There is also the risk that the world may now face something worse than a diplomatic confrontation. If the protests in Gaza continue, pressure may build on Palestinians in the West Bank and even East Jerusalem to follow suit, as we saw in recent years with the spate of knife and then bulldozer attacks against Israeli civilians. This could in turn put the Palestinian Authority, with which the U.S. and Israel have worked closely for years to maintain stability in the West Bank, in an increasingly untenable situation.

With an aging and deeply unpopular leadership, the PA will find it difficult to serve as Israel’s policeman if Palestinians in the West Bank try to push past Israeli checkpoints. And while Israel rightly condemned PA President Abbas’s recent anti-Semitic speech, it still seeks his support on the ground.

In the worst case scenario, the government of Jordan, with its large Palestinian population and its own historic role in safeguarding Muslim sites in Jerusalem, could also come under pressure to scale back its cooperation with Israel. While most Arab states seem to have lost patience with the Palestinians and Abbas in particular, they also recognize the emotional power of this issue among their citizens and will be wary of appearing on the wrong side of an escalating conflict. In sum, Trump’s foolish decision could imperil years of painstaking work to ensure both Israeli and regional security.

Unfortunately, as Secretary of State Mike Pompeo demonstrated when he literally turned his back on journalists’ questions about the clashes in Gaza, the Trump administration seems blithely unconcerned with the consequences of its own recklessness. But if the situation does escalate quickly, even the Trump administration may need to consider ways of defusing tensions.

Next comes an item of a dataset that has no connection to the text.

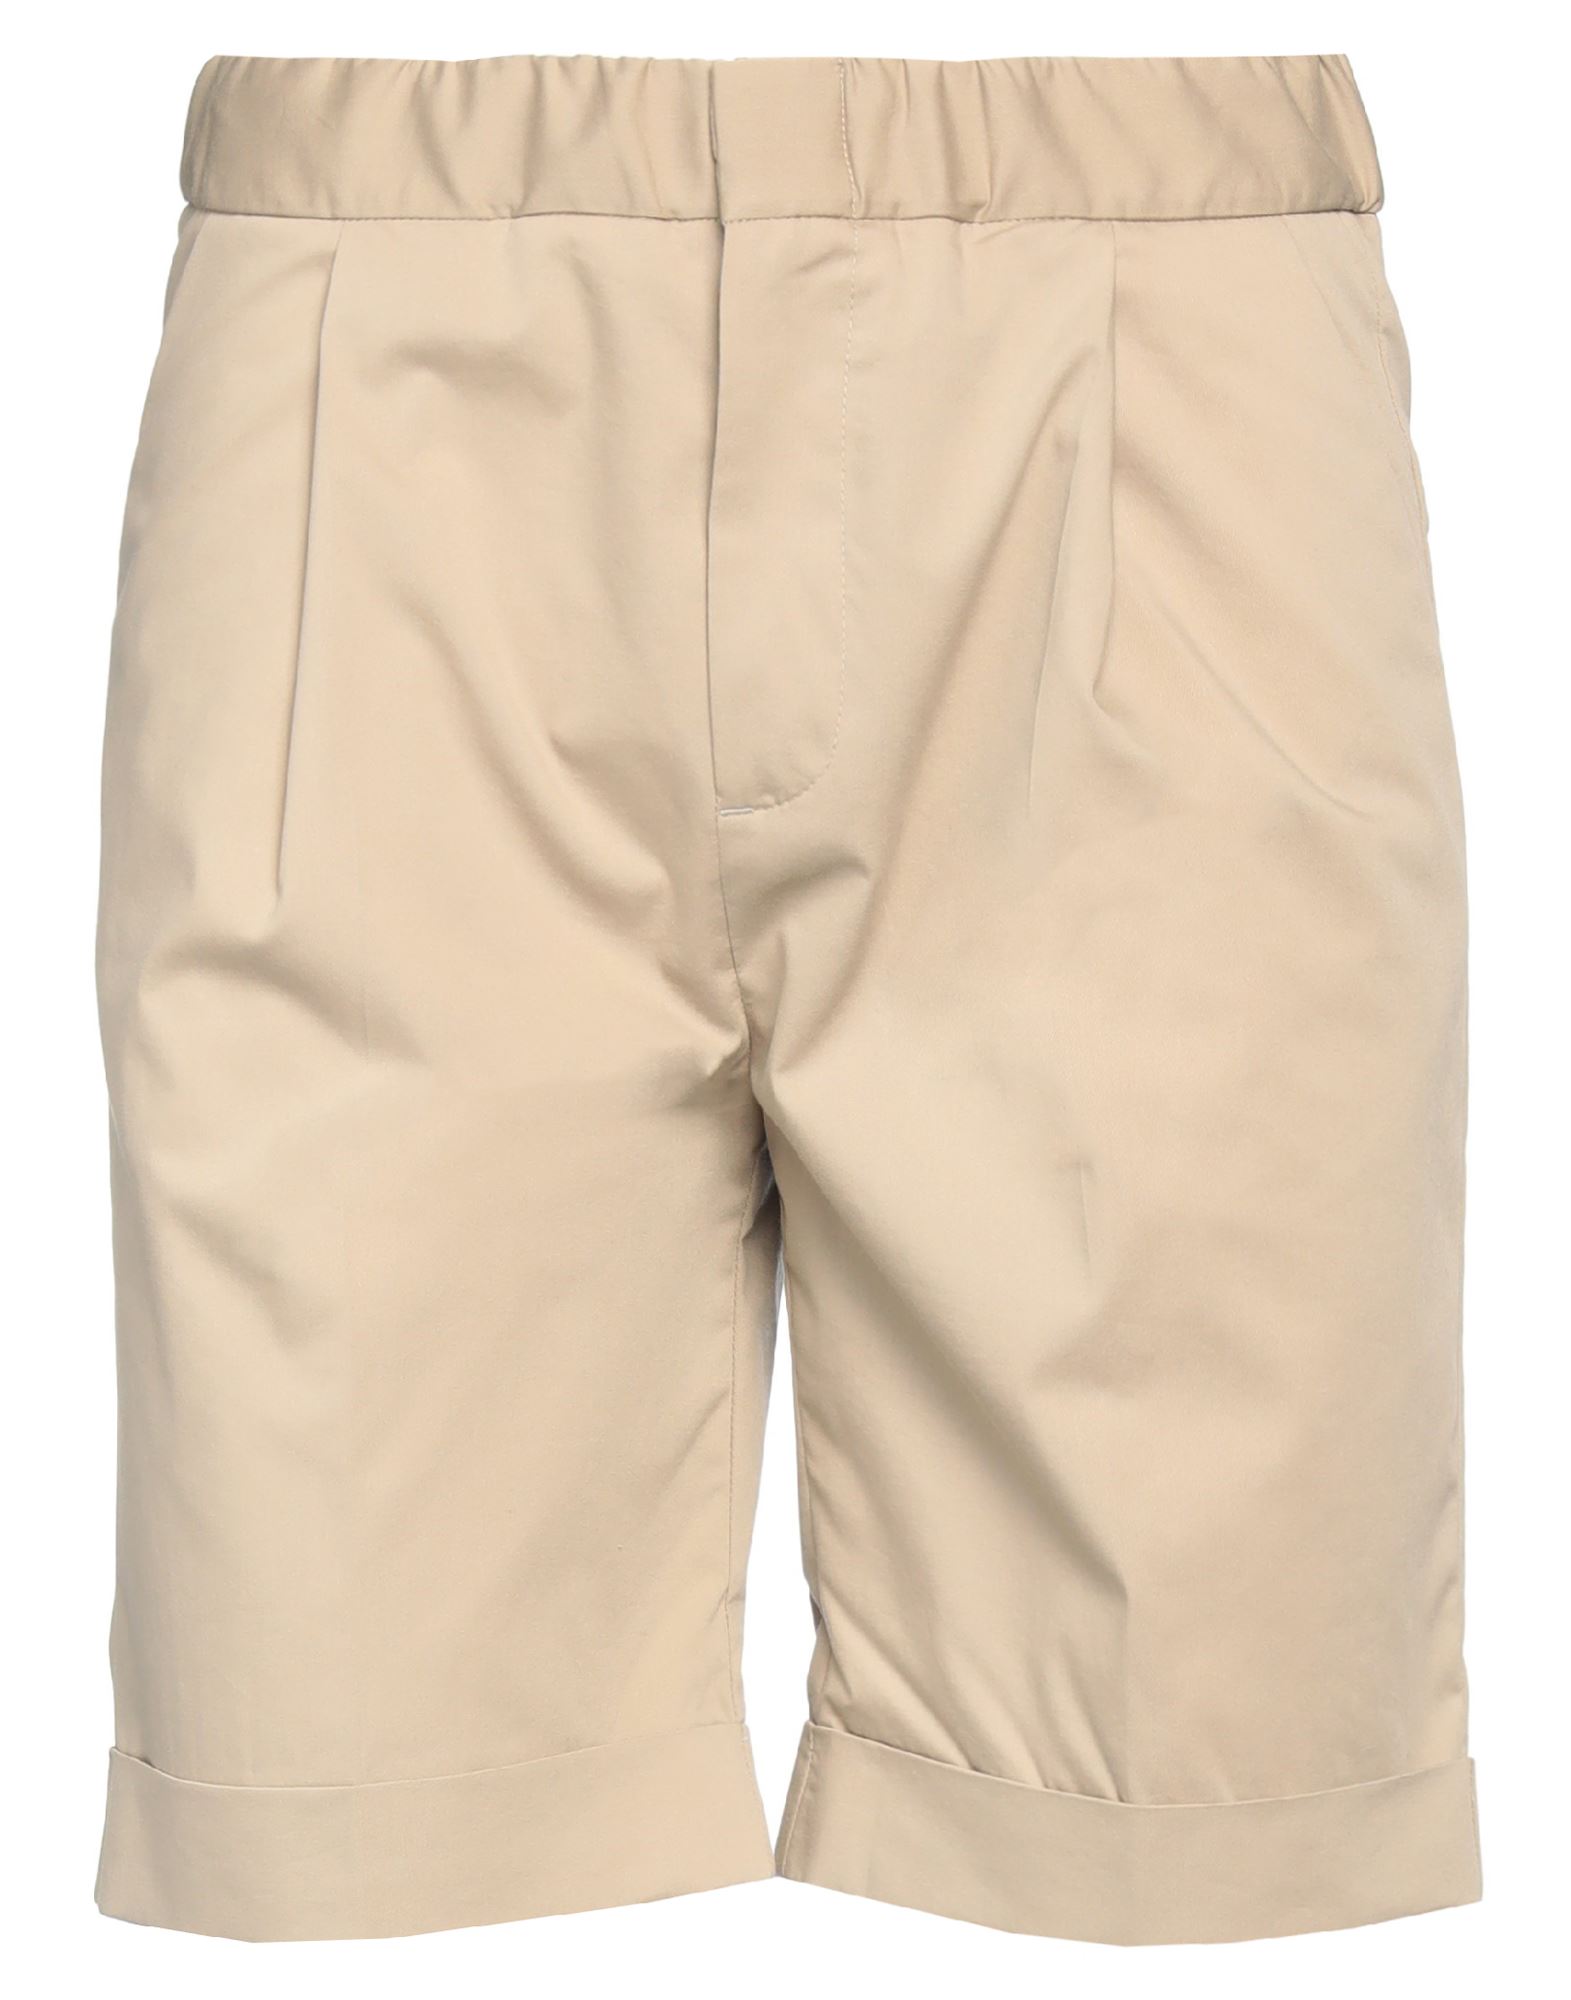 Kiefermann Man Shorts & Bermuda Shorts Sand Size M Cotton, Polyester, Elastane In Beige

There is at least one option that offers some hope: to hold out recognition of East Jerusalem as the capital of Palestine

 in the context of a broader set of U.S. or international parameters on final-status issues. There are many such models, including the Clinton Parameters of 2000 and the Ehud Olmert-Mahmoud Abbas discussions of 2008, both of which envisioned that the Jewish neighborhoods of Jerusalem would serve as Israel’s capital while the Arab neighborhoods would serve as the capital of Palestine.

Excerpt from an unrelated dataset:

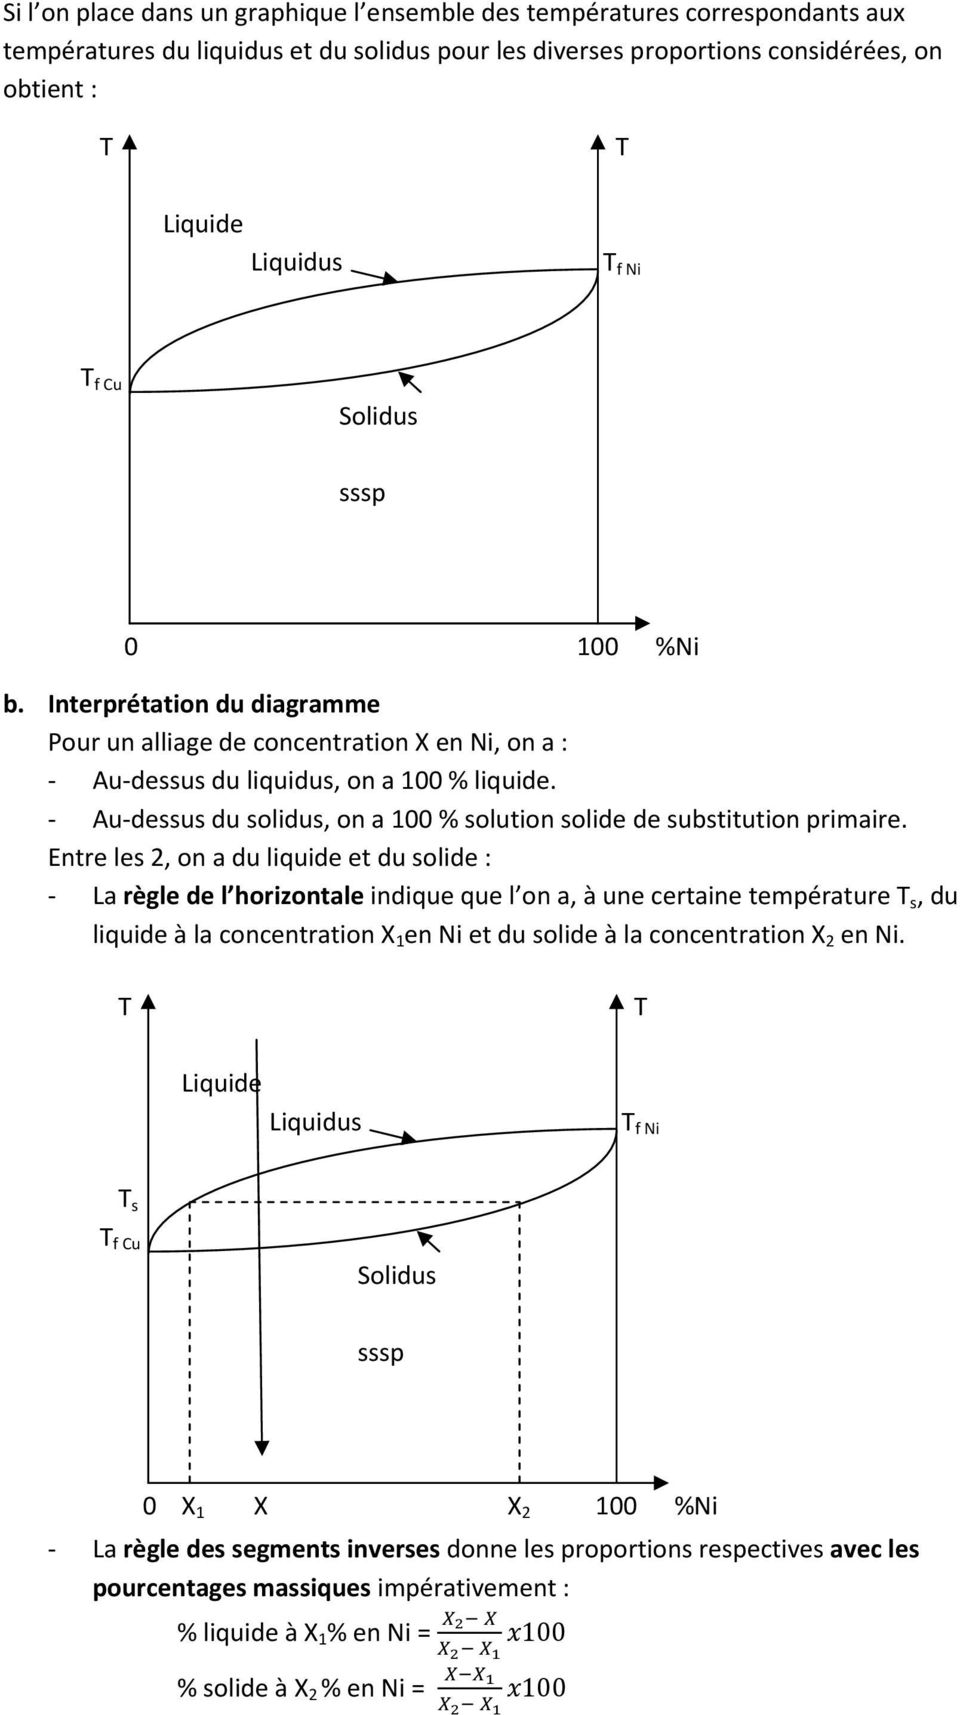 Enre les 2, on a du liquide e du solide : La règle de l horizonale indique que l on a, à une ceraine empéraure s, du liquide à la concenraion X 1 en Ni e du solide à la concenraion X 2 en Ni.

These ideas align with the reality on the ground. After all, few Israelis venture into the majority-Arab sections of East Jerusalem and most recognize that no peace is possible without Palestinian sovereignty over at least parts of the city. The disposition of the Old City and its holy sites, among the most difficult of final-status issues, would remain to be negotiated. On other final-status issues, the Clinton Parameters and the Olmert-Abbas discussions effectively foreclosed a right of return for Palestinian refugees to Israel, proposed adjustments to the 1967 borders to account for Israeli security concerns and the presence of Israeli settlers, and set forth security arrangements to assuage Israeli fears while upholding Palestinian dignity.

No one should expect that the parties will accept these parameters, certainly under their current leadership. But putting them forward explicitly, ideally in a United Nations Security Council resolution, would help reveal whether the two sides are prepared for the compromises required for peace and put pressure on them if they are not. This was the case with United Nations Security Council resolution 242 that set forth the original land for peace formula, which was rejected by the Palestinians and the Arab states, only to be accepted ultimately in 1988. The same could be true now, only that the goal would be a comprehensive peace agreement rather than the beginning of a peace process. At the very least, proposing such a framework could restore some measure of confidence that negotiations can produce progress, and forestall violence.

Far from raising the prospects of reaching the “ultimate deal,” the Trump Administration has thrust the United States into the middle of one of the thorniest problems in the region and done little to advance the cause of peace. It may yet be possible to turn this problem into an opportunity before it descends further into violence, leaving a diplomatic mess for the next U.S. administration to clean up.